A genetics experiment involves a population of fruit flies consisting of 2 males named Alfonso and Bart and 2 females named Carla and Diane. Assume that two fruit flies are randomly selected with replacement.

(a) Find the mean of the sampling distribution.

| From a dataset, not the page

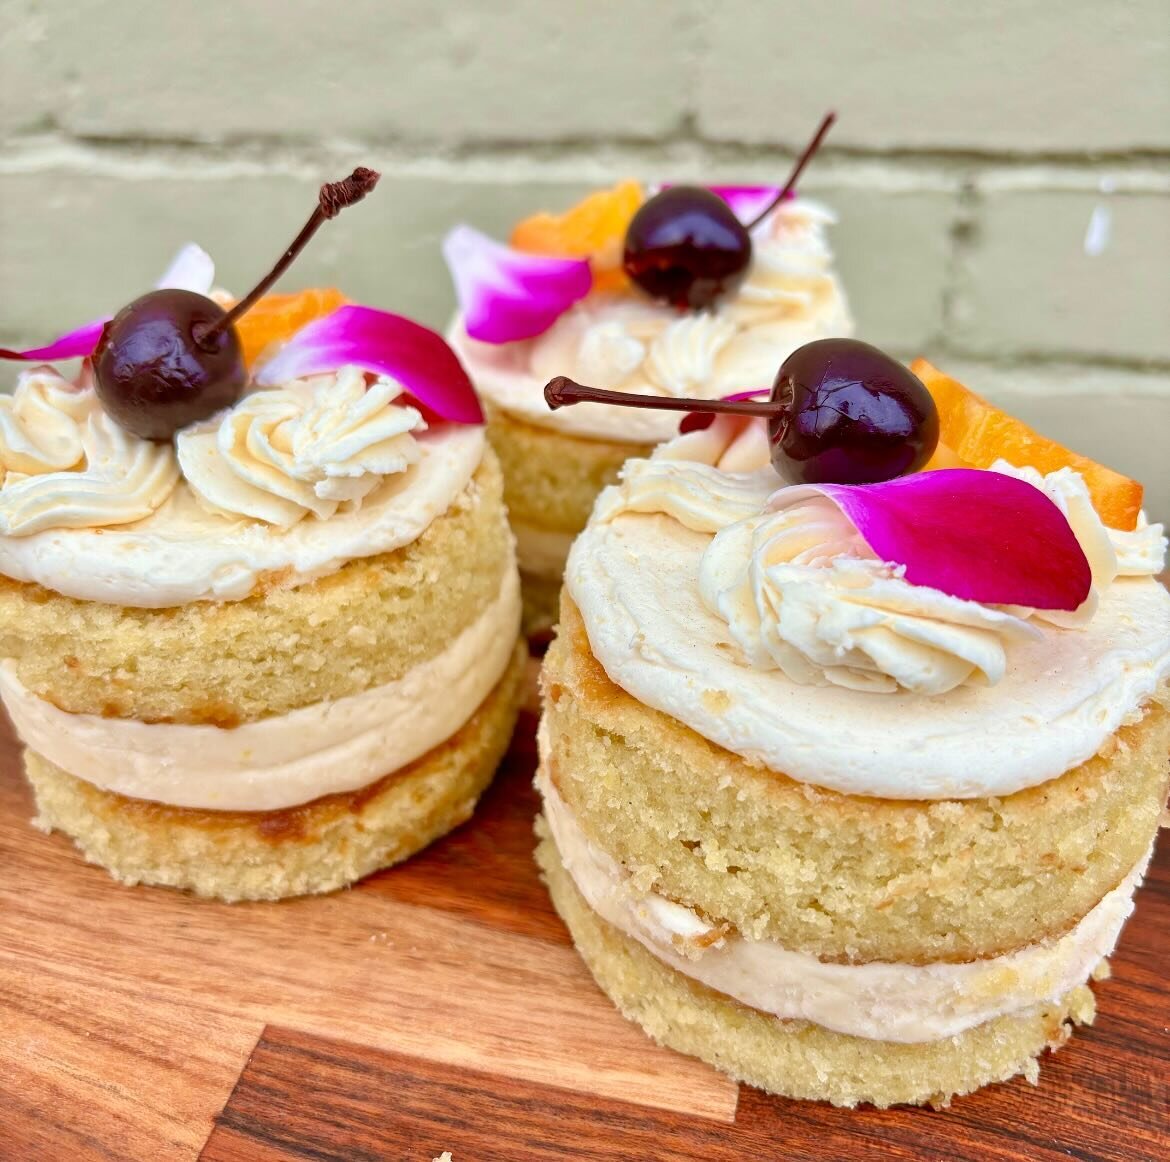 Want a cake but don&rsquo;t have enough people to share it with? Introducing&hellip;.Baby Cakes! Perfect for 1-2 people. And available Friday to Sunday!

This weekend, we are featuring our seasonal flavor which is citrus olive oil cake and with citru

(b) Is the mean of the sampling distribution [from part (a) ] equal to the population proportion of females ?

Step-by-step explanation:

Mean is given by

∑xp

Here, x is value of X and p is probability associated with x.

a. Let, A, B, C, and D represent Alfonso, Bart, Carla, and Diane respectively.

The Possible samples with proportion of female (in brackets) are

AA (0),

AB (0),

AC (0.5),

AD (0.5),

BB (0),

BA (0),

BC (0.5),

BD (0.5),

CA (0.5),

CB (0.5),

CC (1),

CD (1),

DA (0.5),

DB (0.5),

DC (1),

DD (1).

Clearly, from the above sample proportion of females are 0,0.5,1.

a. Proportion of females (0)

Then, the probability Is 4/16=¼=0.25

Proportion of females (1)

Then, the probability Is 8/16=½=0.5

Proportion of females (2)

Then, the probability Is 4/16=¼=0.25

b. The mean proportion is give as

Mean=

∑xp=0*0.25+0.5*0.5+1*0.25=0.5

Therefore,

Mean=0.5

Population proportion of female=2/4=0.5

Clearly, the mean of the probability distribution is equal to the population proportion of females.